There are so many unknowns that go into this formula for calculating the amount of money you need to earn during the year from your work.  How many shows do you plan on doing?  Consider those costs….application fees, travel expenses, food, lodging coupled with the costs of doing your work.   That’s just one aspect.

She pointed our the dilemma, creativity vs selling to make a living.  You have to analyze what you are doing and is it working?  Pricing is the foundation of a sound business.

Determine the following:

  • Your costs = price of materials
  • Labor = all aspects surrounding your time, show preparations, making your pieces, marketing your work, etc.
  • Overhead = expense in relation to time, utilies, insurance, mortgage/rent, any fixed cost
  • Expenses = everything else, your tools, meals, advertising, etc.

Labor breaks down to how much do I want to make annually.  Once you have that figure, you can break down the number of weeks you work in a year, hours you work in a week and then ultimately, your hourly rate.

Lets face it, as we start, we may not be making much, if anything, on an hourly rate.  Sad but true.  I’m a realist and Avi confirmed (as Lexi has) that for the first couple of years in the biz, you may not be earning an hourly rate for your work because you are an unknown.  Avi’s father is Michael Good.  Talk about name recognition!  As she pointed out, would some one purchase an identical pair of earrings made by Michael Good or a pair made by an unknown?  The value for Michael Good’s work is considerably higher than that from an artist who has no name recognition.  That’s just the reality of it.

The thing is that we all have to set goals, coupled with that, we need to outline the steps we need to take to achieve those goals.  Remember here, you need to outline those steps you are going to take to achieve those goals….don’t be like those Underwear Gnomes and have a red question mark in Phase 2 of how to achieve your goals.

I admit that I’m lucky; I have a full time job in the corporate world that provides the stability and funding that I need to continue my artistic pursuits.  I know a lot of artists in this category.  Does this make any of us less as artists?  I would say not.  I am a person driven to achieve, grow and learn.  Certainly one of my goals is to become a full time artist.  Given the status of our economy in the US, along with the mindset of the public and the collectors, well, it feels like salmon battling the upstream current when trying to grow my business.  Yet I am determined to succeed.  That determination alone will not guarantee my success as an artist.

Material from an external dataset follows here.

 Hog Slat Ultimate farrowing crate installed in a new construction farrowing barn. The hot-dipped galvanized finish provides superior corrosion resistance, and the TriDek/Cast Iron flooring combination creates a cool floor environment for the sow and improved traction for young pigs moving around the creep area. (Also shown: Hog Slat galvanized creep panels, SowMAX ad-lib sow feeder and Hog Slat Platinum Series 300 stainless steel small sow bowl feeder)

First and foremost, we must have a plan.  What do we want to achieve and how will we go about making that happen.  As I said earlier, it is not easy.

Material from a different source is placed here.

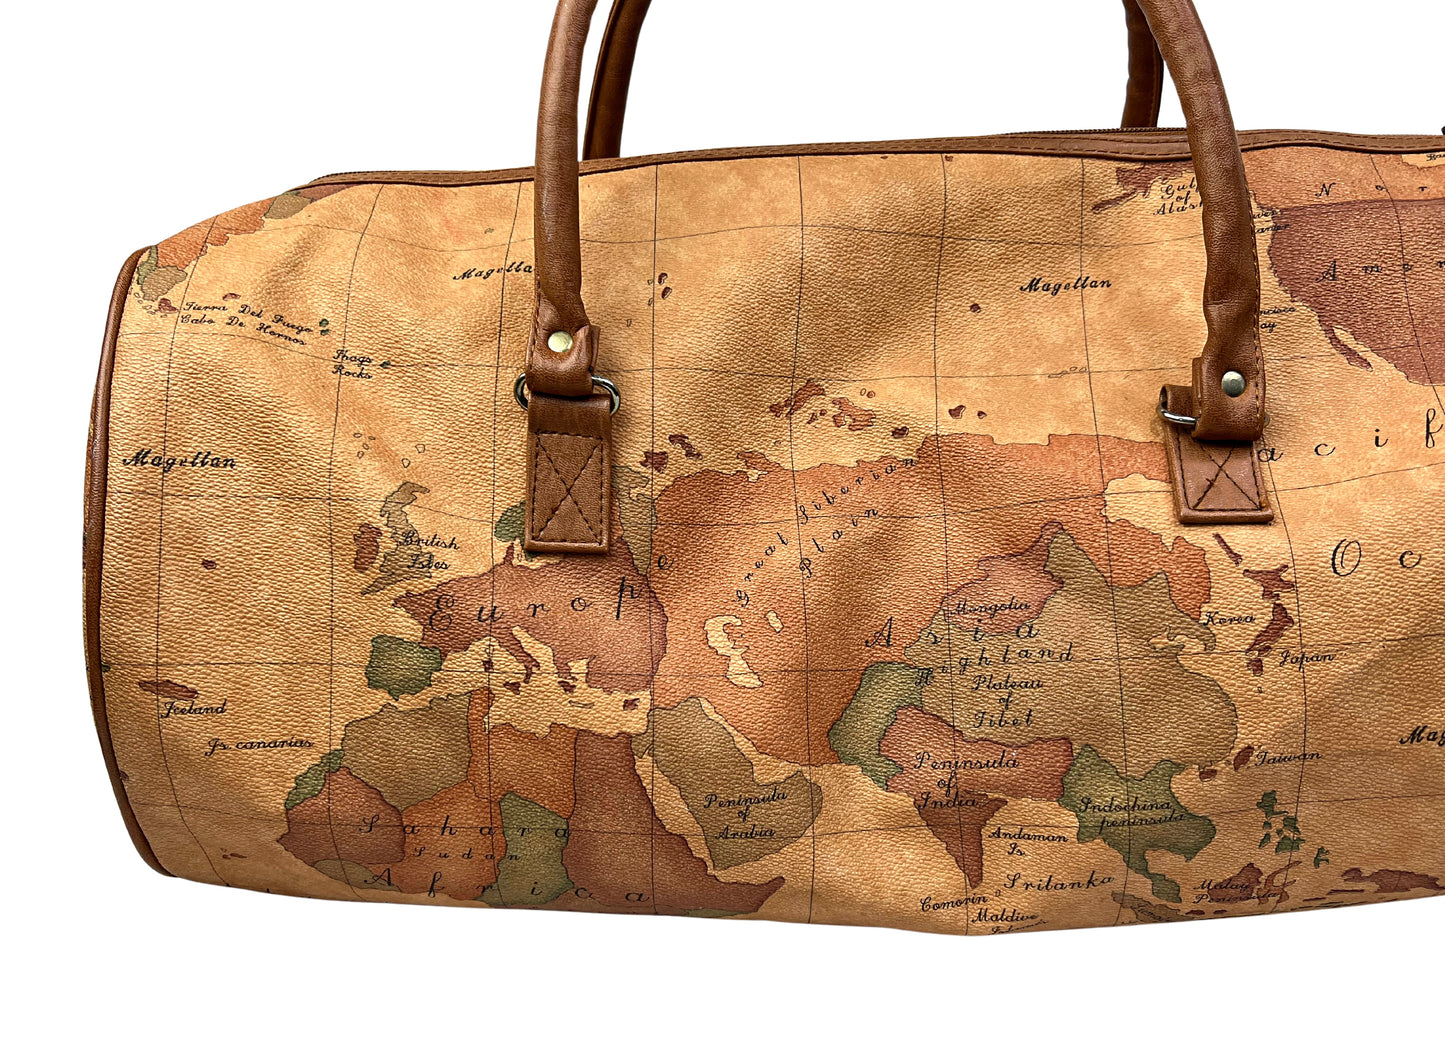 90’s Geography Map Print Faux Vegan Leather Travel Luggage Duffle Bag

I am re-evaluating my business goals.  It’s imperative that we write these goals down, look at them every day to stay focus and pursue them.  This year I have made the choice to be a self-represented artist.  Once I complete my fall show schedule, I am going to look for galleries that would find my work to be a good fit.  Remember that takes work and research.  No one is going to “discover you and your work” without a LOT of effort on your part.  Realize that being represented by a gallery must be a good fit for both the artist and the gallery.  Much to do and learn.

The challenge of achieving one’s goals is a worthy one.  Consider where you want to be as an artist and how you will work toward those goals.  I believe there isn’t a set formula to achieve these goals and each of us must work out the details that will be a custom fit, tailored to our individual personalities and needs.

For me, I know there is a lot of work in front of me.  Being an ‘overnight success’ does not happen overnight.  Ponder this.

What is my dream? I have a concept, after listening to Avi; just having ‘a concept’ isn’t good enough. I have to develop a clear, concise, well thought out plan. Do I want to be famous? No. I envision myself as one of those artists who create “one of a kind” pieces of art.  That is all well and good…now I must plan my strategy and determine my real goals, along with the steps that I need to take, in order to achieve my goals.

Whew, that’s heavy….a lot to consider. Well worth it!